In general, I think you are expecting a bit much. He's in a new environment, new smells, sights, sounds, people. PLUS, he's still a baby! Puppies generally don't gain full physical control of their bladders and bowels until about 6 months of age, give or take. SO, you can expect potty training to be a process that can last awhile! 
Some people have early success and think potty training is over! But, keep being vigilant, no matter how well your boy does, because, as they change and develop they can have set backs.

Your job is to be so vigilant in taking your puppy out, that you don't even give him the CHANCE to have an accident (unless you're at work, in which case, it can't be helped!)

Good luck and enjoy your puppy!!!!!


----------



## slacking (Jan 5, 2011)

Thanks for the replies. I have all weekend alone with him and I will be with him close for the whole time. I will try the 30 minute thing see how it goes. I think it has a lot to do with weather as its below 0 Celcius daily with snow. I got him a sweater that is helping but he still doesn't like to be outside and starts to shiver. 

Thanks for the input on the timing. I know he is still a puppy I just wasn't sure what to expect. I take him out hourly (when not at work) and he has gone once or twice and I gave him a treat and acted all happy.

One question about the x-pen .. you said you had the crate in the pen .. did you leave the puppy in the crate and closed? or were they still able to go out in the pen? 

Thanks again for the help!


----------



## PiperPuppy (Nov 28, 2010)

> Tether him to you so he cannot get out of sight.


This was the best piece of advise I received. It was a pain in the butt to have my puppy tethered to me, but it worked!! 

Good luck. I am glad you have all weekend with the pup!


----------



## doxiemommy (Dec 18, 2009)

Yes, it's great to have the weekend to bond! And, to start the training process! 

We had the crate, open and available to the puppy, inside the pen. That way, they could crawl inside for a nap or just to be comfy. But, they had toys and water available in the pen, so they could drink and play, and if they couldn't hold it and needed to potty, they did it in the pen, not the crate.
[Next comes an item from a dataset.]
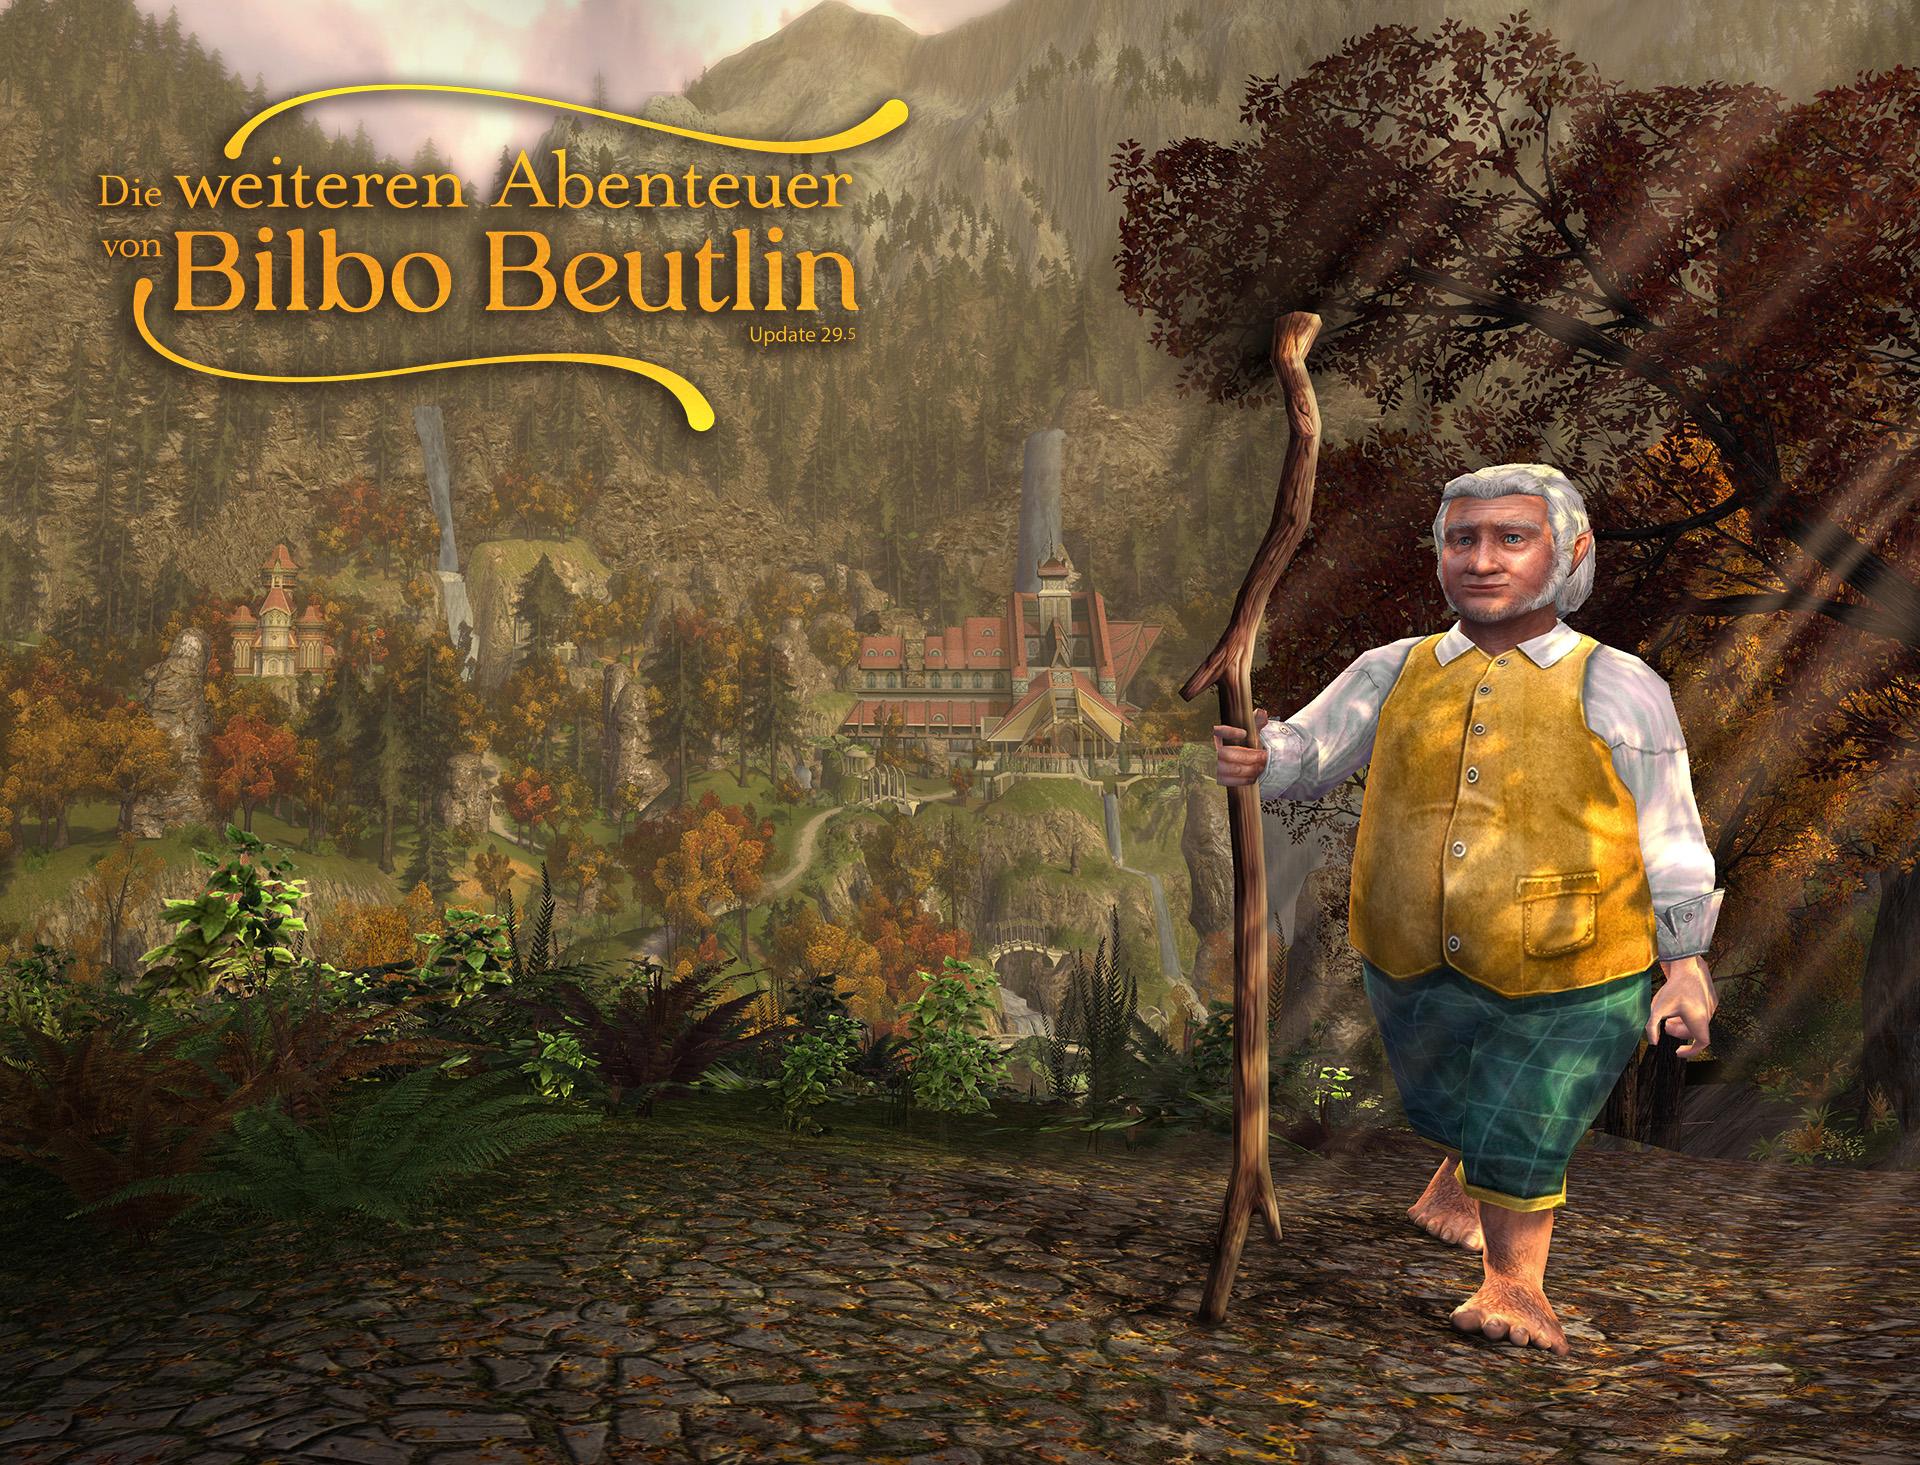 """""""Die weiteren Abenteuer von Bilbo Beutlin"""" (Windows / MAC PC) kostenlos für ´Der Herr der Ringe Online´"""

It would be preferable for them to potty in the pen as opposed to the crate, if they couldn't hold it, because you really don't want them in the habit of pottying in the crate. Just make sure that you put the pen/crate set up in an area that will have relatively easy clean up. We used a corner of the kitchen, which had laminate flooring, so it they couldn't hold it, and I was gone, it was easy to clean up!


----------



## Kazmir (Jan 21, 2011)

We use an Ex-Pen during the day for our puppy and i just put down a blanket but he doesnt soil it. To hold it in place you could use coffee cans full of sand or rocks on the corners to block it. put it against a wall to provide a good base.

That is a hard one, but keep on the housetraining and it will all work out. Puppies seem to want to please!


----------